Oireachtas Joint and Select Committees

Wednesday, 12 December 2012

Committee on Finance, Public Expenditure and Reform: Select Sub-Committee on Finance

Taxation Agreements: Motion

1:50 pm

Photo of Brian HayesBrian Hayes (Dublin South West, Fine Gael) | Oireachtas source

I am grateful to be afforded the opportunity to deal with the draft ministerial order on the National Pensions Reserve Fund Act 2000. The draft ministerial order being discussed by the committee today will, if approved, formally suspend the payment of the annual contribution of 1% of GNP from the Exchequer to the National Pensions Reserve Fund in 2012 and in 2013.

Both the budget for 2012 and the budget that has been just announced for 2013 are based on the assumption that the contribution will not be made in those two years. Suspending the contribution will also fulfil a commitment made as part of the EU-IMF programme that we would not make contributions to the fund while the programme is in place. We are on track to meet our deficit target for 2012, as we did in 2011. The current estimate of the 2012 general Government deficit is 8.2% of GDP, which is well within the 8.6% limit set.

Budget 2013 is designed to achieve a deficit of 7.5% of GDP while being as equitable and as fair as possible and fostering economic growth.

Budget 2013 marks the eighth announcement of consolidation measures since mid-2008. All told, and including budget 2013, close to €29 billion in budgetary adjustments or more than 17% of estimated GDP in 2013 will have been implemented. Against this background, and taking account of the fact that we still have some way to go to achieve the target of a general Government deficit of 3% of GDP in 2015, making a contribution to the National Pensions Reserve Fund in these times is not realistic. The State simply does not have the capacity to borrow this much money in addition to what it has borrowed already and continues to borrow. If we were to make the contributions to the NPRF this year and next, it would have to be at the expense of other public expenditure. I am confident Deputies will recognise the validity of this fundamental point and support the making of this order.

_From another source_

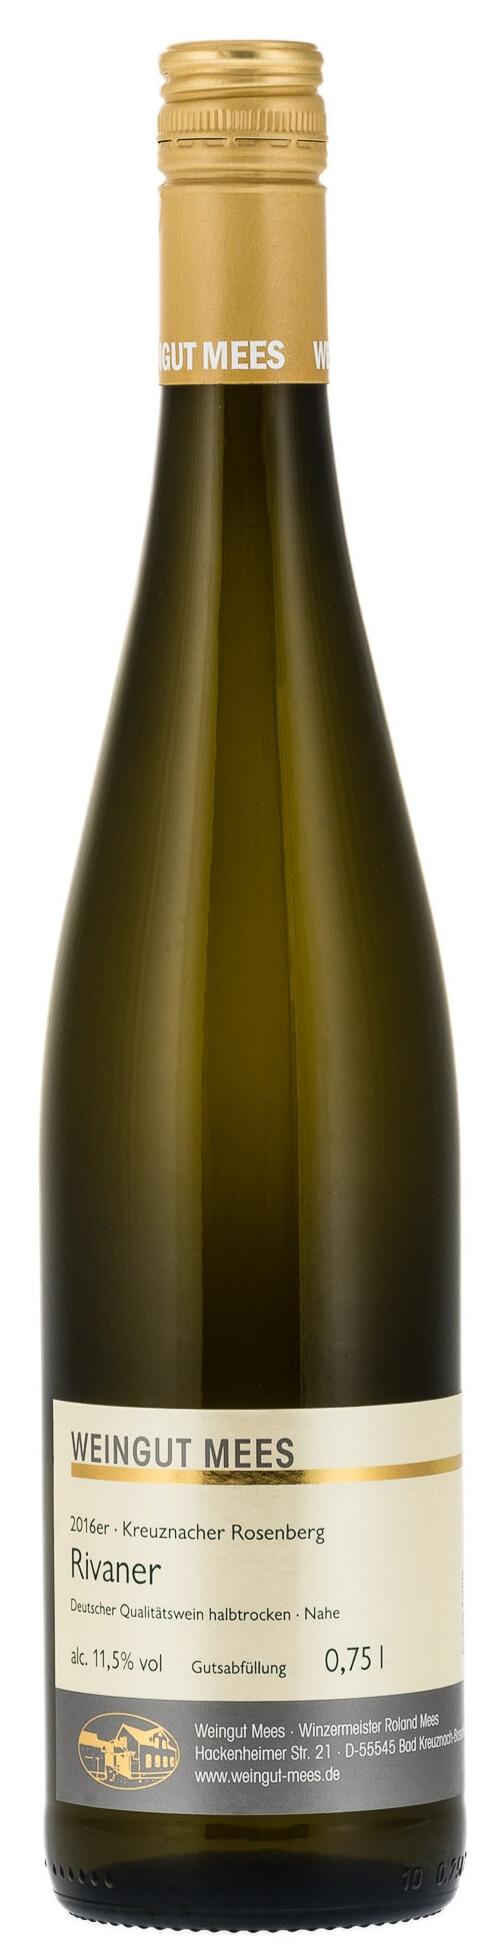 Rivaner halbtrocken Qualitätswein QbA Kreuznacher Rosenberg 2017 / Mees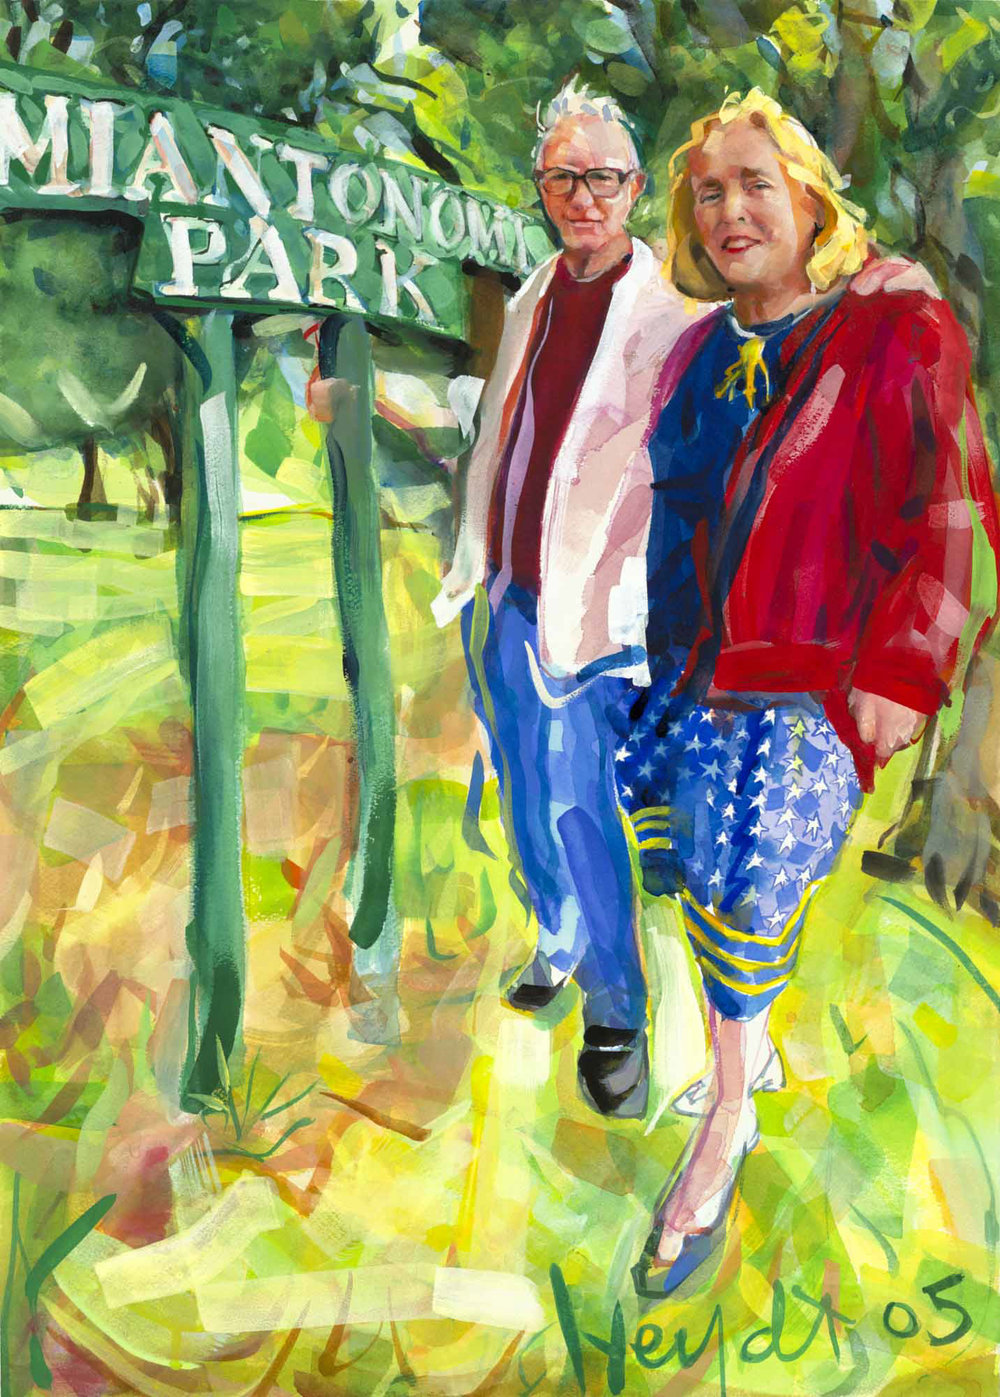 NewportantII-Miantonomi Park.jpg

The background to this issue will be familiar to Deputies. The National Pensions Reserve Fund was established in 2001 by the then Minister for Finance, Mr. Charlie McCreevy. Mr. McCreevy's decision was one of the most enlightened and sensible measures taken during the period in question given that no one could have foretold subsequent developments. The position in 2008 and 2009 would have been inordinately worse had it not been for the National Pensions Reserve Fund. While the former Minister is criticised for many reasons, he cannot be criticised for establishing the pensions reserve fund as this rainy day money has been useful to the State in responding to the crash of 2008 and 2009.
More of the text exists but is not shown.